### DATA ###
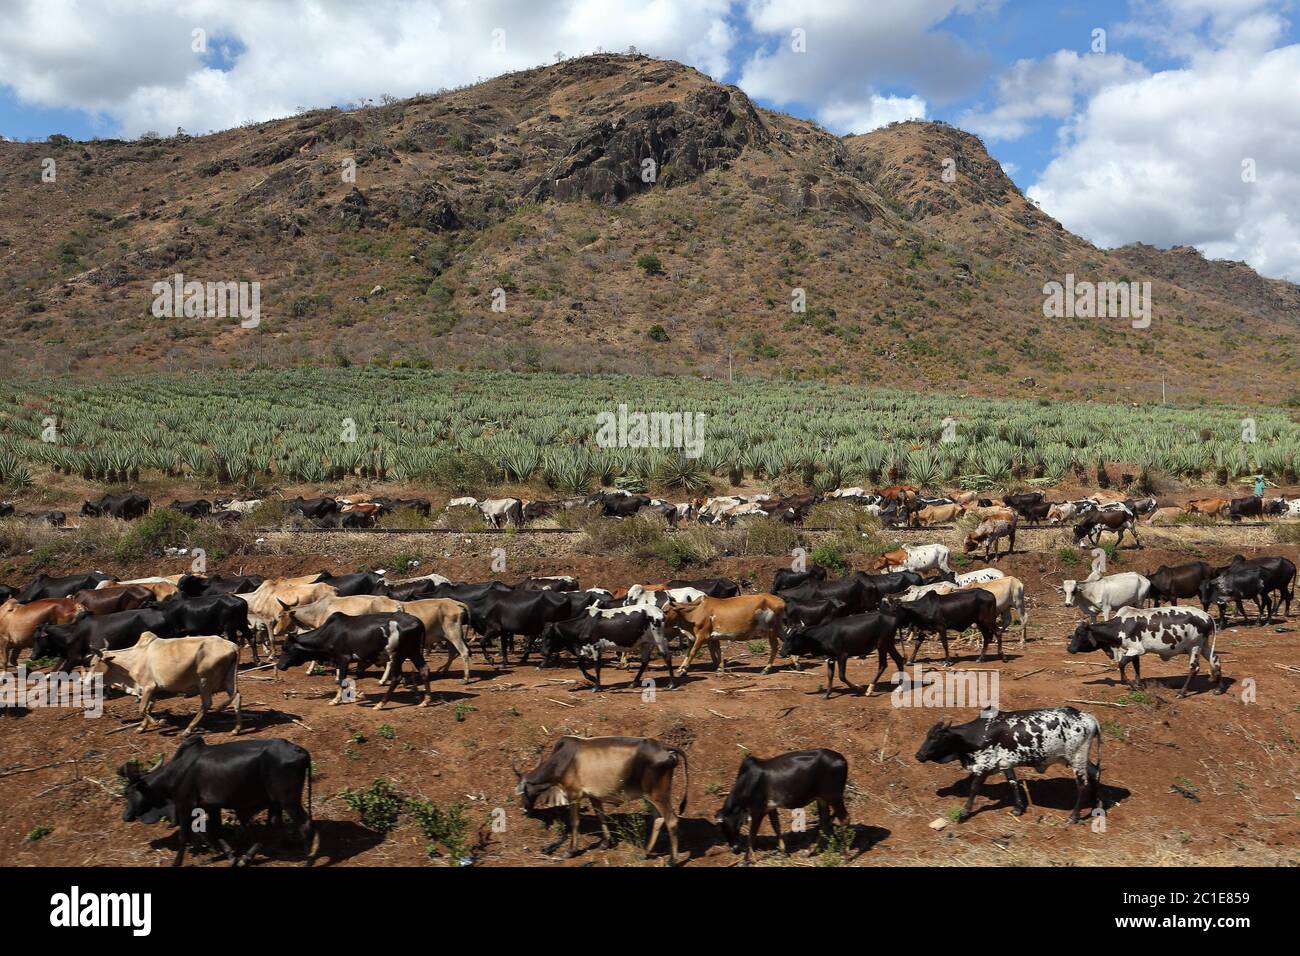 Cows and cattle in Tanzania Stock Photo
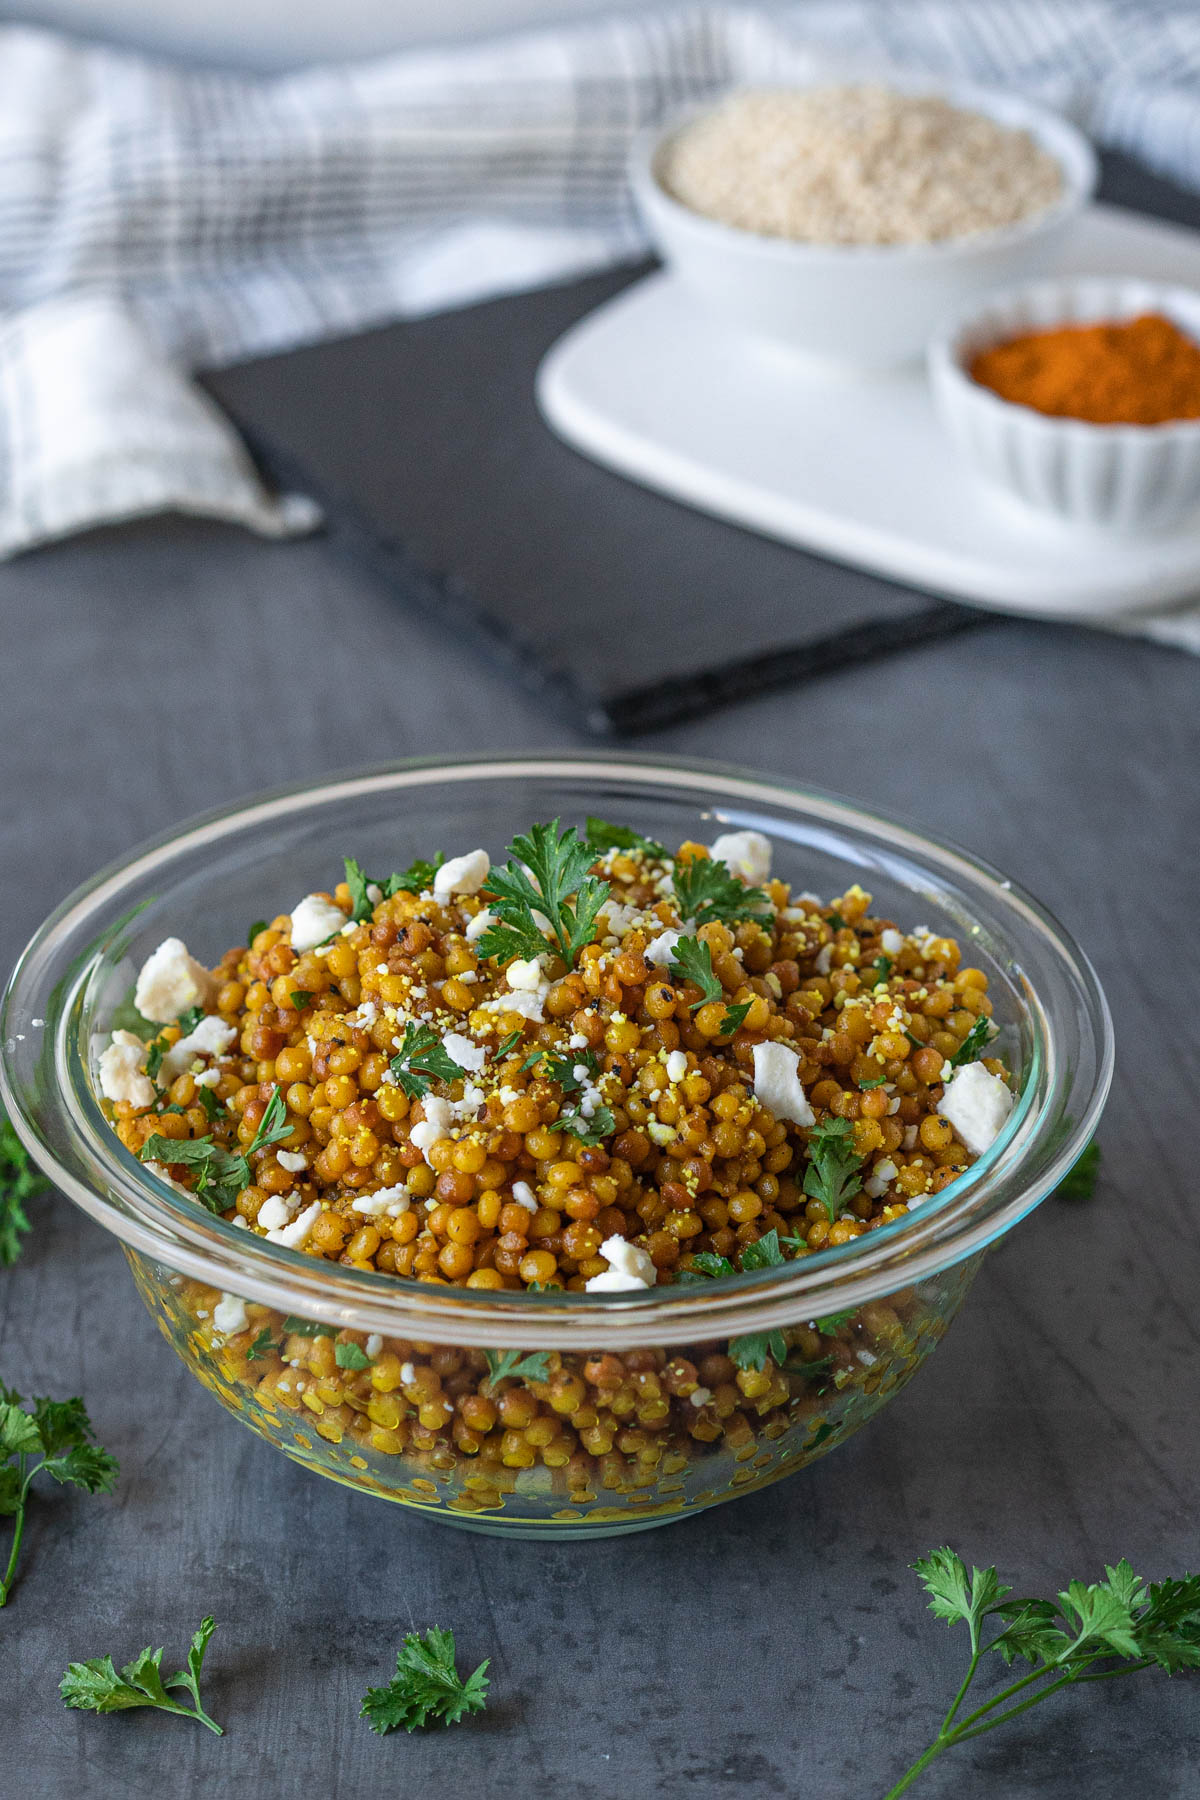 Clear bowl filled with golden couscous, garnished with fresh parsley and crumbled feta. The bowl is on a gray surface that has fresh parsley scattered across it. Blurred in the background, there are black and white serving platters with bowls of dry couscous and ground turmeric in them.
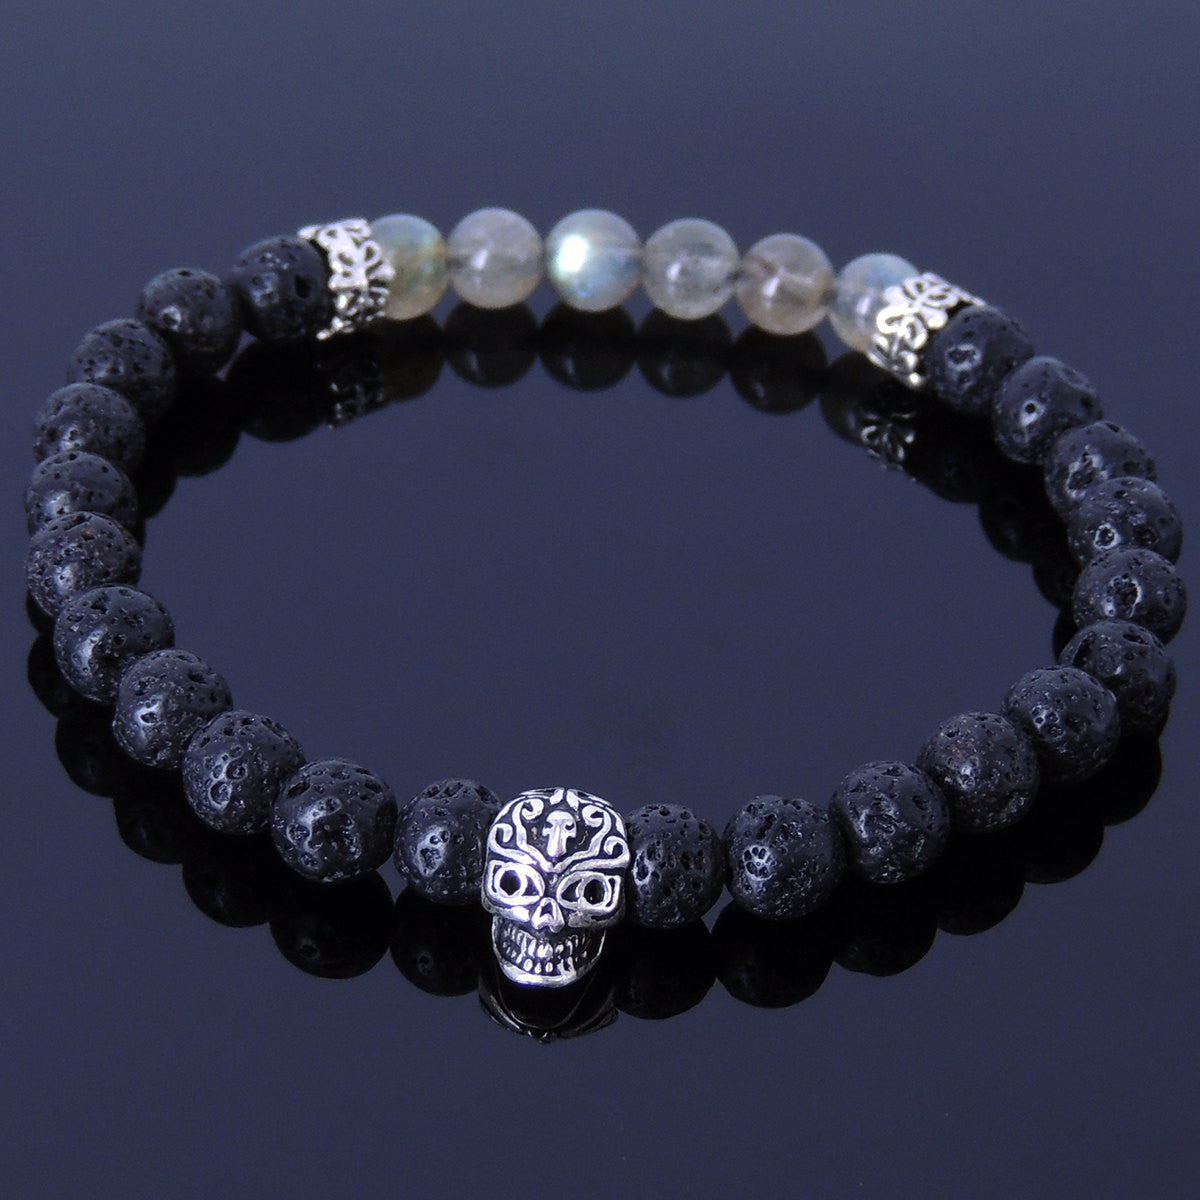 6mm Labradorite & Lava Rock Healing Gemstone Bracelet with S925 Sterling Silver Day of the Dead Skull Bead & Cross Spacers - Handmade by Gem & Silver BR315
###
WORK ORDER » The entire listing above, minus its pictures, should be copied out exactly.

ANSWER TO THIS EXERCISE »
 Cows and cattle in Tanzania Stock Photo
 Clear bowl filled with golden couscous, garnished with fresh parsley and crumbled feta. The bowl is on a gray surface that has fresh parsley scattered across it. Blurred in the background, there are black and white serving platters with bowls of dry couscous and ground turmeric in them.
 6mm Labradorite & Lava Rock Healing Gemstone Bracelet with S925 Sterling Silver Day of the Dead Skull Bead & Cross Spacers - Handmade by Gem & Silver BR315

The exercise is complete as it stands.